> Dataset extract

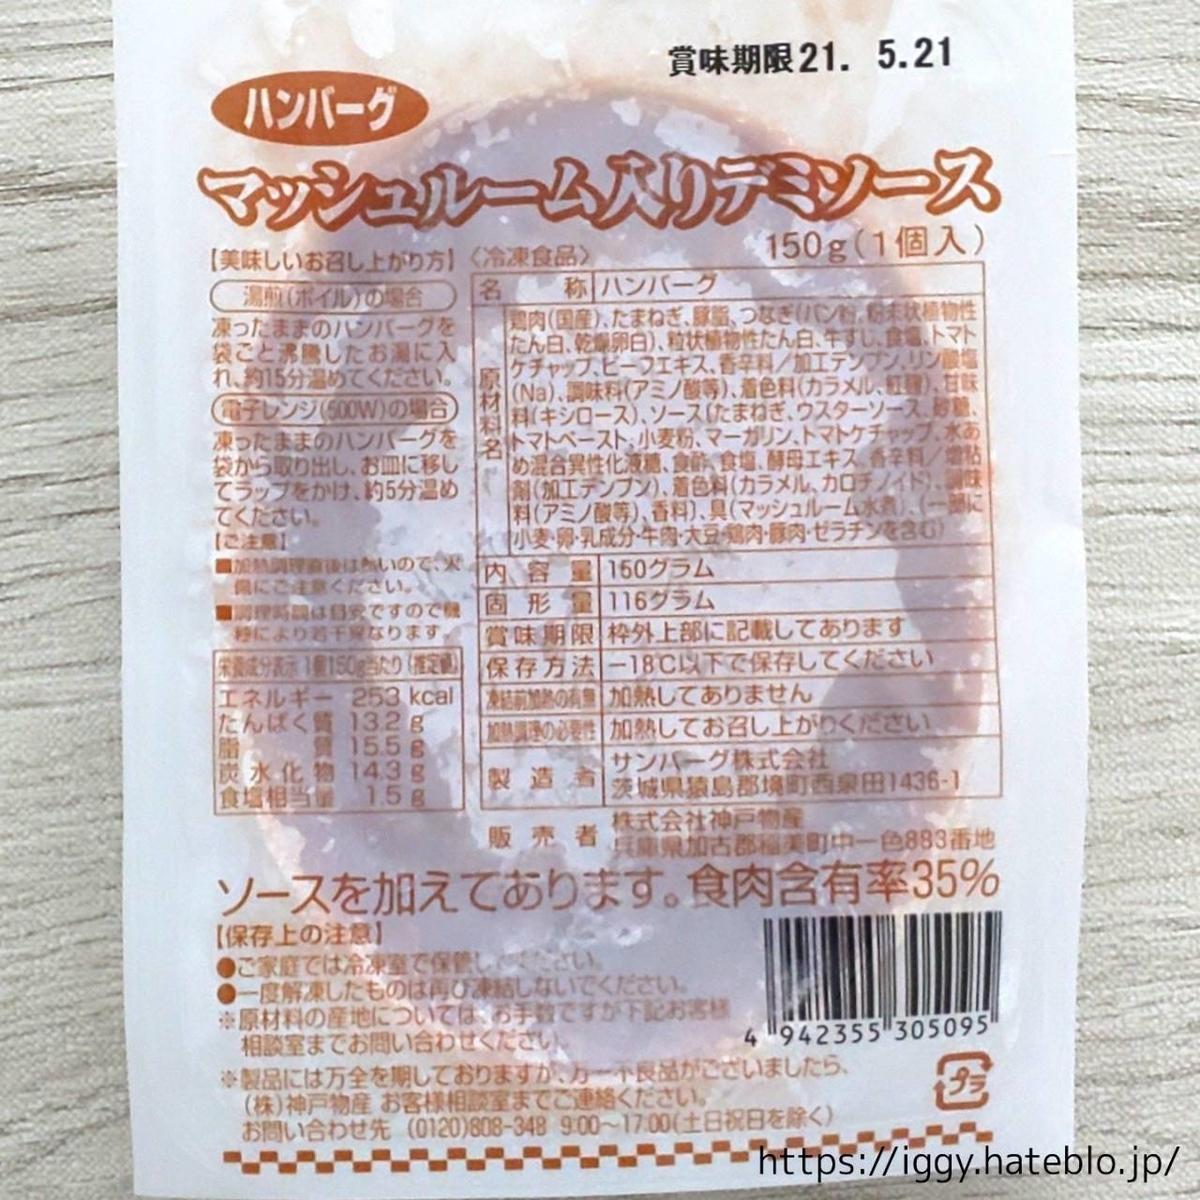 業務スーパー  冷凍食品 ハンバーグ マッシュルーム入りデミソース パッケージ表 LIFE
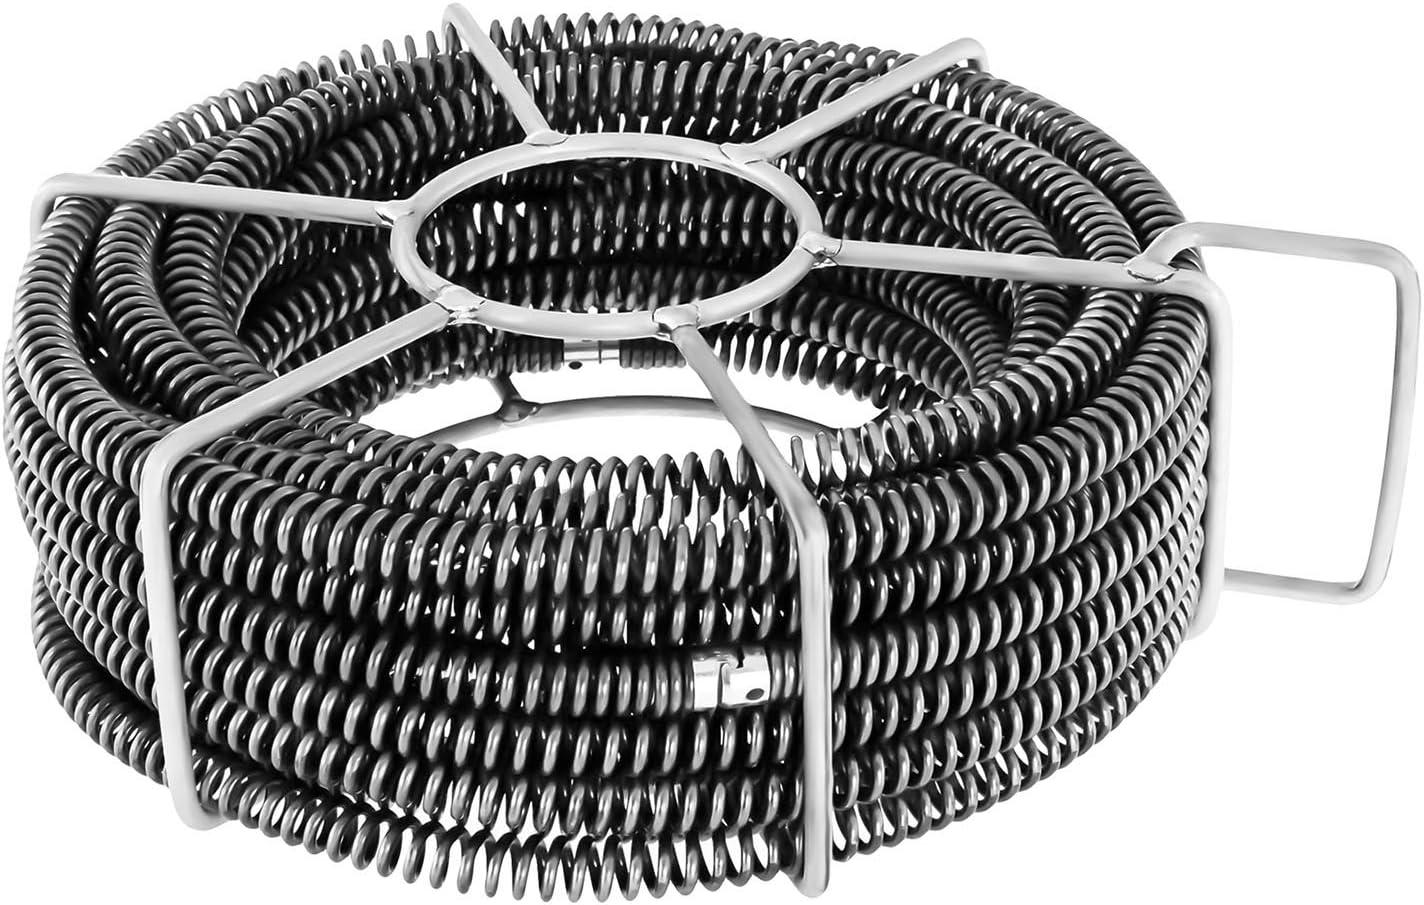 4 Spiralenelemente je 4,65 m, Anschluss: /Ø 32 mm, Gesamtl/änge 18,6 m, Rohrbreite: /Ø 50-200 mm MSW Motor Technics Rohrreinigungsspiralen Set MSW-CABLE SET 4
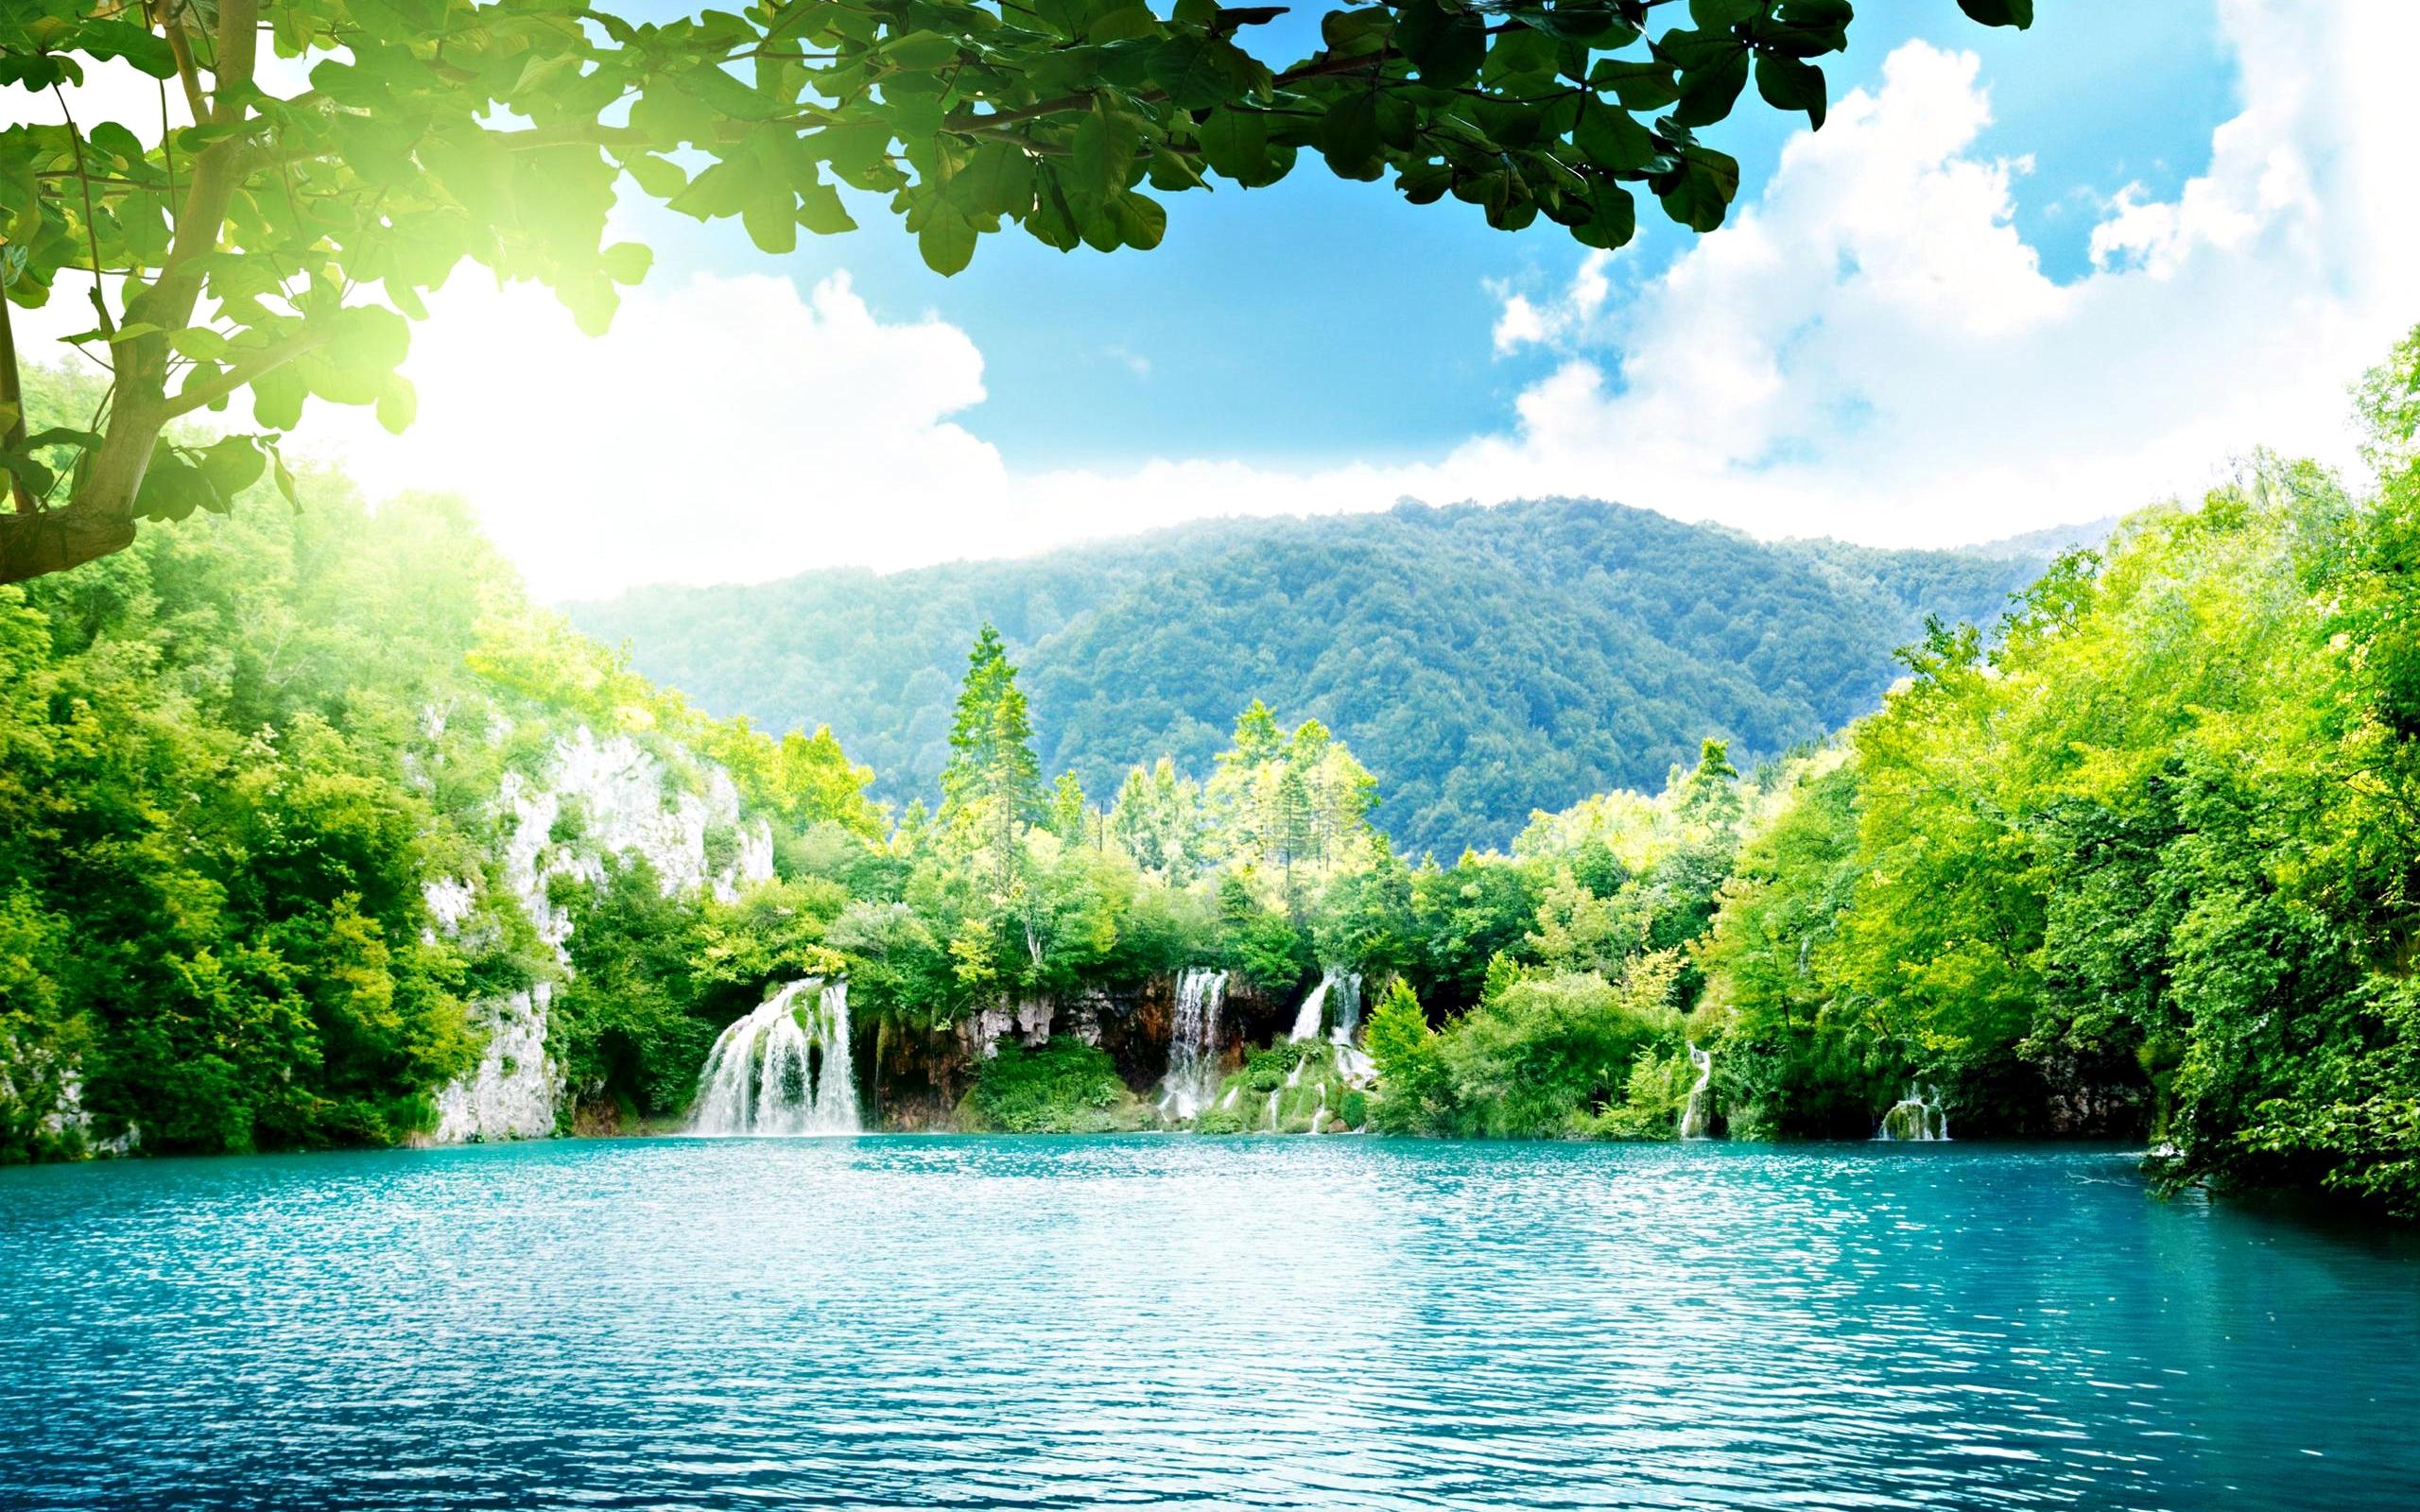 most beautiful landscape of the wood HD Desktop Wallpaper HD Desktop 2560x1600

> Problem description
Copy the data precisely. Skip every picture.

> Expected output
 業務スーパー  冷凍食品 ハンバーグ マッシュルーム入りデミソース パッケージ表 LIFE
 4 Spiralenelemente je 4,65 m, Anschluss: /Ø 32 mm, Gesamtl/änge 18,6 m, Rohrbreite: /Ø 50-200 mm MSW Motor Technics Rohrreinigungsspiralen Set MSW-CABLE SET 4
 most beautiful landscape of the wood HD Desktop Wallpaper HD Desktop 2560x1600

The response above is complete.